The Reporting Person, as the sole trustee of the RYG 2012 GRAT, has the right to receive or the power to direct the receipt of dividends from, or the proceeds from the sale of, the 1,000,000 shares of Class B Common Stock held by the RYG 2012 GRAT. Certain other beneficiaries of the RYG 2012 GRAT, are entitled to certain distributions of the RYG 2012 GRATs property, which may include the Class B Common Stock owned by the RYG 2012 GRAT or dividends therefrom or the proceeds of the sale thereof.

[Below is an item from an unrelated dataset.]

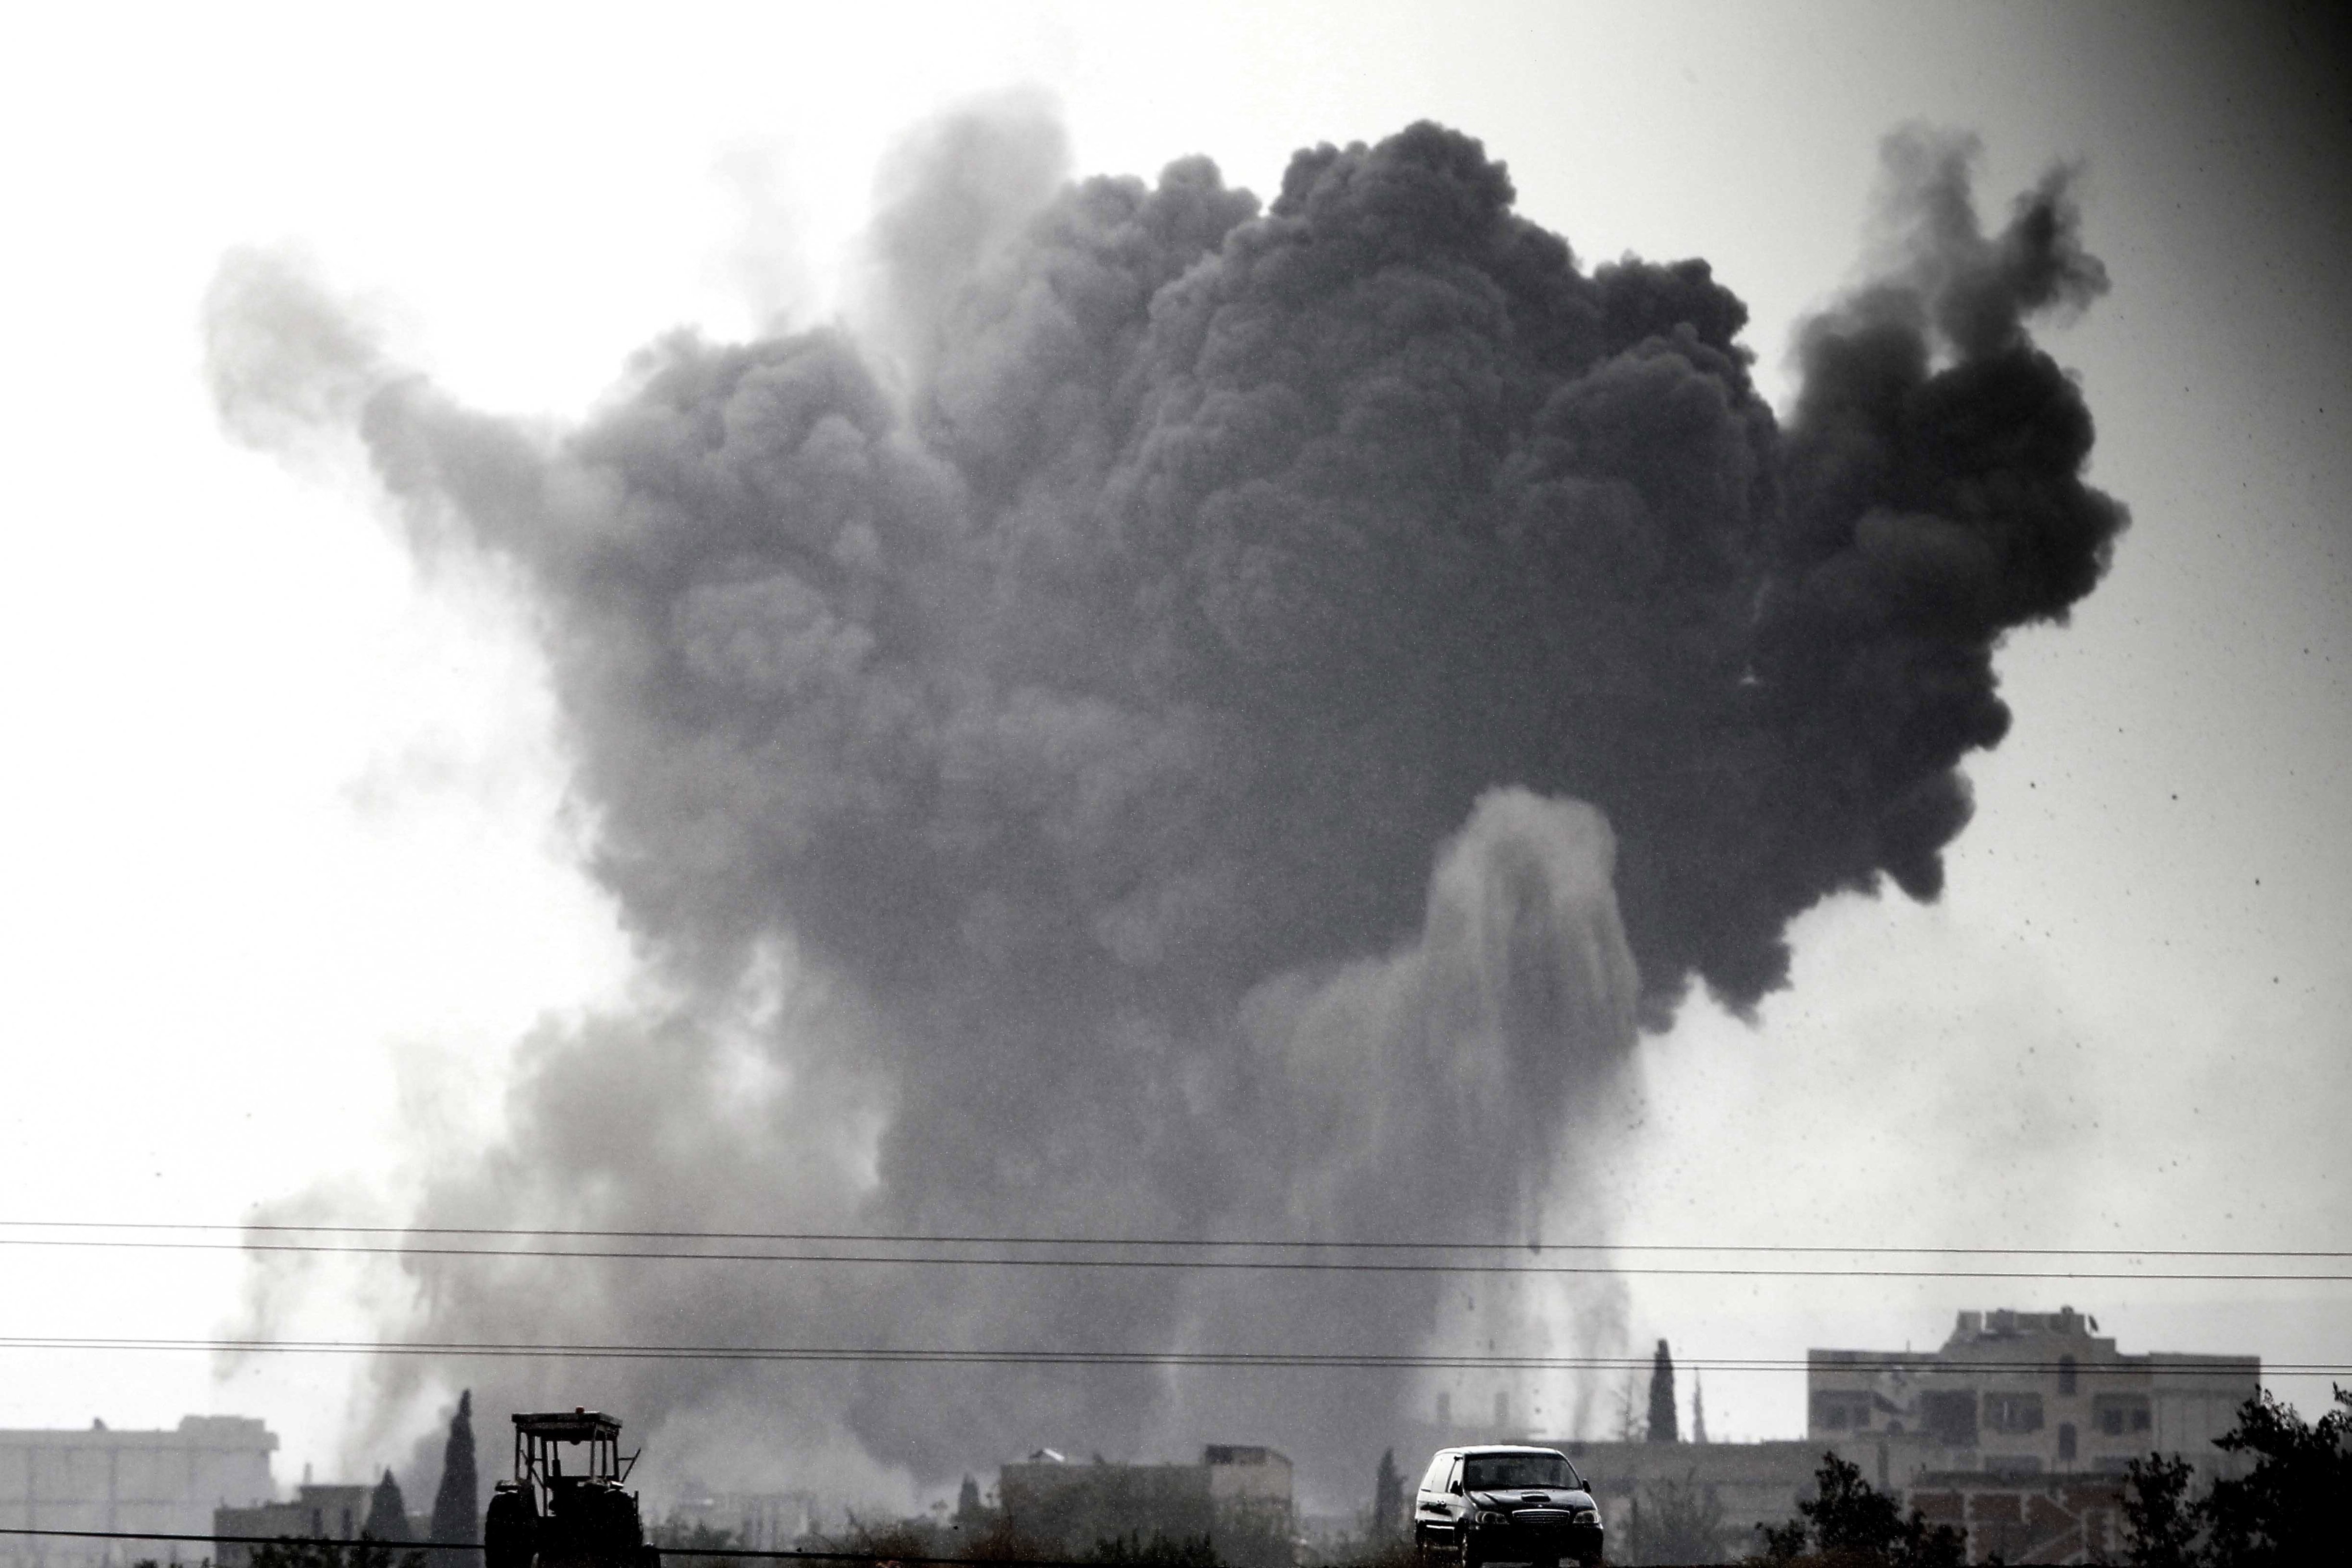 Smoke billows following an airstrike by US-led coalition aircraft in Kobani, Syria, during fighting between Syrian Kurds and militants from Islamic State, on October 14, 2014 as seen from the outskirts of Suruc, on the Turkey-Syria border. (Gokhan Sahin—Getty Images)

The Reporting Person, as the sole trustee of the MSG 2012 GRAT, has the right to receive or the power to direct the receipt of dividends from, or the proceeds from the sale of, the 1,000,000 shares of Class B Common Stock held by the MSG 2012 GRAT. Certain other beneficiaries of the MSG 2012 GRAT, are entitled to certain distributions of the MSG 2012 GRATs property, which may include the Class B Common Stock owned by the MSG 2012 GRAT or dividends therefrom or the proceeds of the sale thereof.
(e) Not applicable.
Item 6. Contracts, Arrangements, Understandings or Relationships with Respect to Securities of the Issuer
Not applicable.
Item 7. Material to be Filed as Exhibits
Not applicable.
CUSIP No. | 830566 10 5 | 13D | Page | 5 | of | 5 | Pages |
SIGNATURE
After reasonable inquiry and to the best of the undersigneds knowledge and belief, the undersigned certifies as to itself that the information set forth in this statement is true, complete and correct.
Dated: August 20, 2012
/s/ Gil Schwartzberg
Gil Schwartzberg
ATTENTION: Intentional misstatements or omissions of fact constitute
Federal criminal violations (see 18 U.S.C. 1001).